The Burden of Federated Authentication

Authentication vs Authorization  If you’ve ever had the pleasure to hear me rant on web access management then you know I like to stress the difference between authentication and authorization.  Authentication is the process of verifying a user’s identity while authorization is the process of determining the level of access the user possesses for any given application and/or resource; one does not imply the other. So why bring up a topic that has been discussed to death in many forums around the Internet? Federated authentication…

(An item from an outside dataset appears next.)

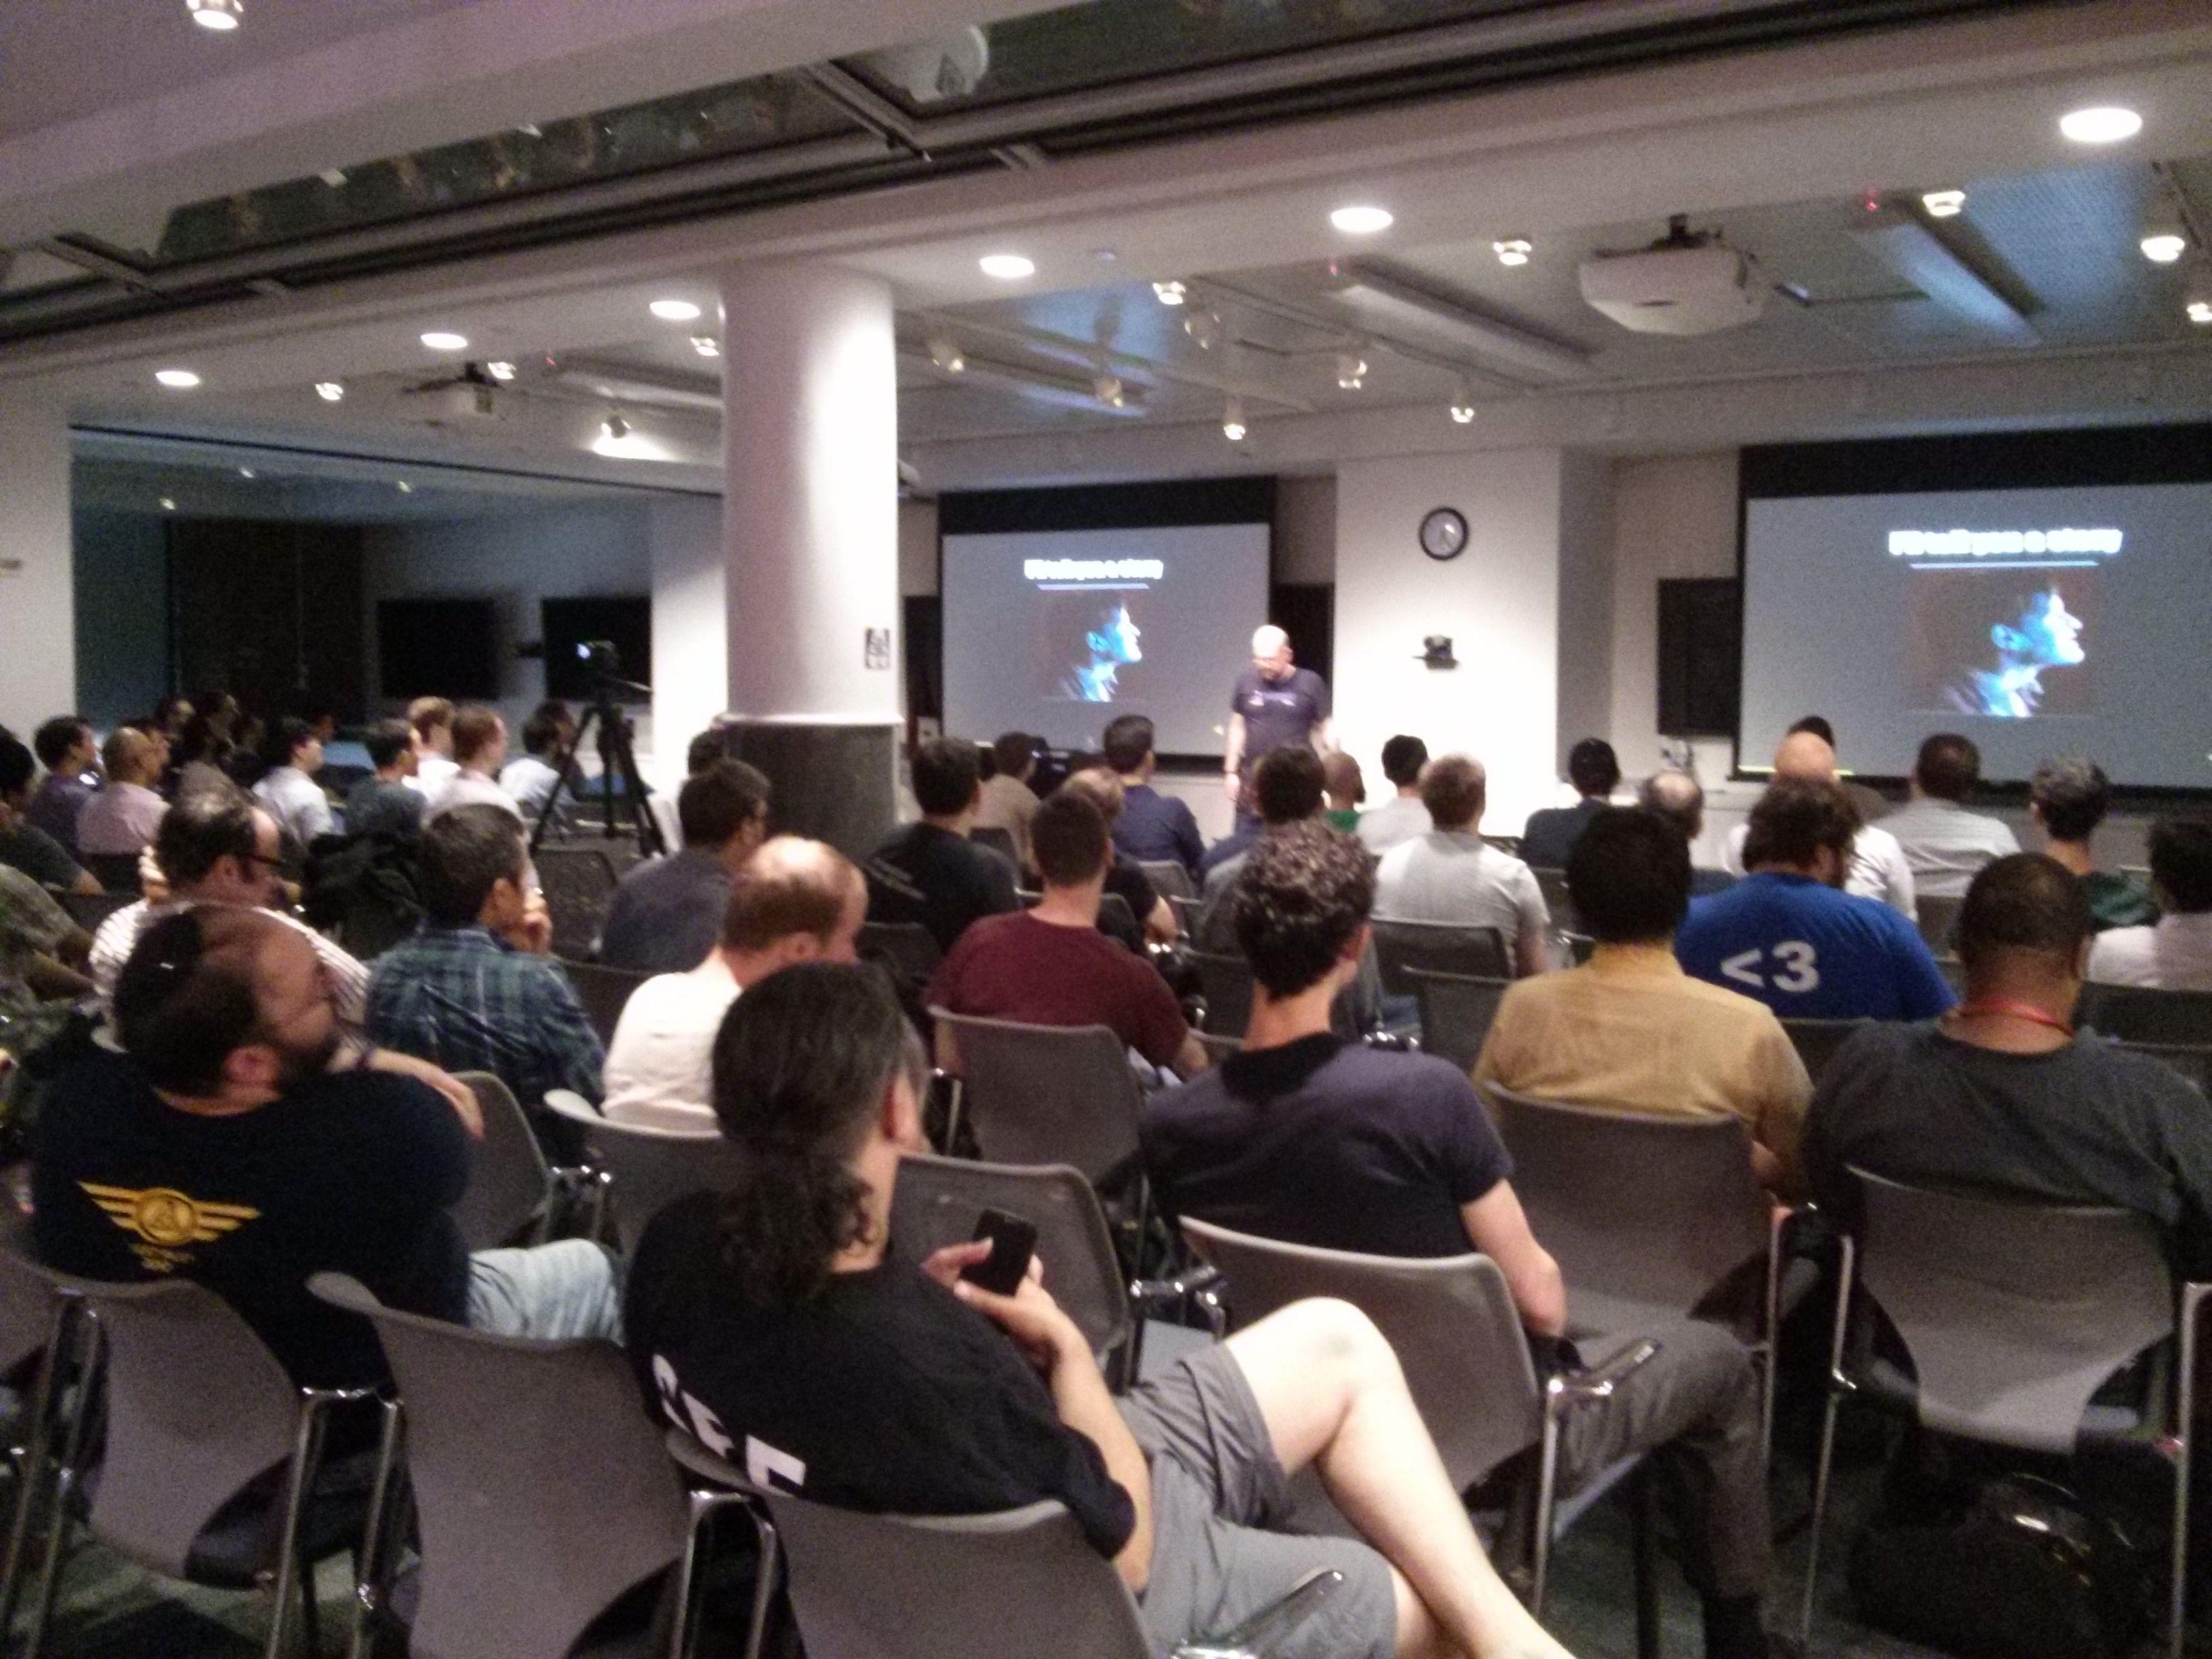 NYLUG - New York Linux Users Group

In my years as a developer and sys admin it was common place to either write or include a publicly available authentication framework and based upon group membership allow or disallow access to certain application functionality. These frameworks made it easy to quickly deploy applications without the need to “recreate the wheel” over and over again. However, what we gained in deployment speed we lost in code maintenance and software patching over time.  This ultimately lead to security issues, such as phishing attacks, because the end-user had:

  1. too many usernames/passwords
  2. too many application login points

Ultimately the user could no longer, well didn’t care to, keep track of these and resorted to less secure mechanisms for storing passwords as well as entering their extensive list of passwords on any site that resembled one of our applications. So in early 2005 we started to use Shibboleth and Jasig Central Authentication Services (CAS) for federated authentication and single sing-on. Shibboleth and CAS addressed my issues by:

  1. reducing the number of username/password combinations as well as login entry points to 1
  2. allowed non-employees access to our websites without the need to maintain their identity in our authentication database - commonly know as federated authentication

While the paradigm of federated authentication caught on in higher education over a decade ago enterprise environments were slow to adopt until now. With the explosion of Software-as-a-Service offerings, such as Salesforce and Office 365, enterprises are quickly deploying federated authentication services with little to no understanding of what the snake oil, or IAM, vendor has sold them. Too often, I sit in meetings regarding issues a customer is having with their IAM solution because of two issues:

  1. Customer did not understand the difference between authentication and authorization
  2. IAM vendor promised that multi-factor authentication capabilities would integration easily with .

So lets take a look at these issues.

Federated authentication protocols, like SAML, have made it easier for users to consume and/or modify data inside web applications without the need to maintain a local persona of that user. Now from an application perspective this feature might have marginal gain but from a security perspective it allows you to eliminate a substantial amount of risk. The concern I stress to my customers is that while federated authentication reduces the risk of managing and maintaining that user's persona it does not alleviate the risk of unauthorized access. This is because authentication in a federated world does not imply authorization.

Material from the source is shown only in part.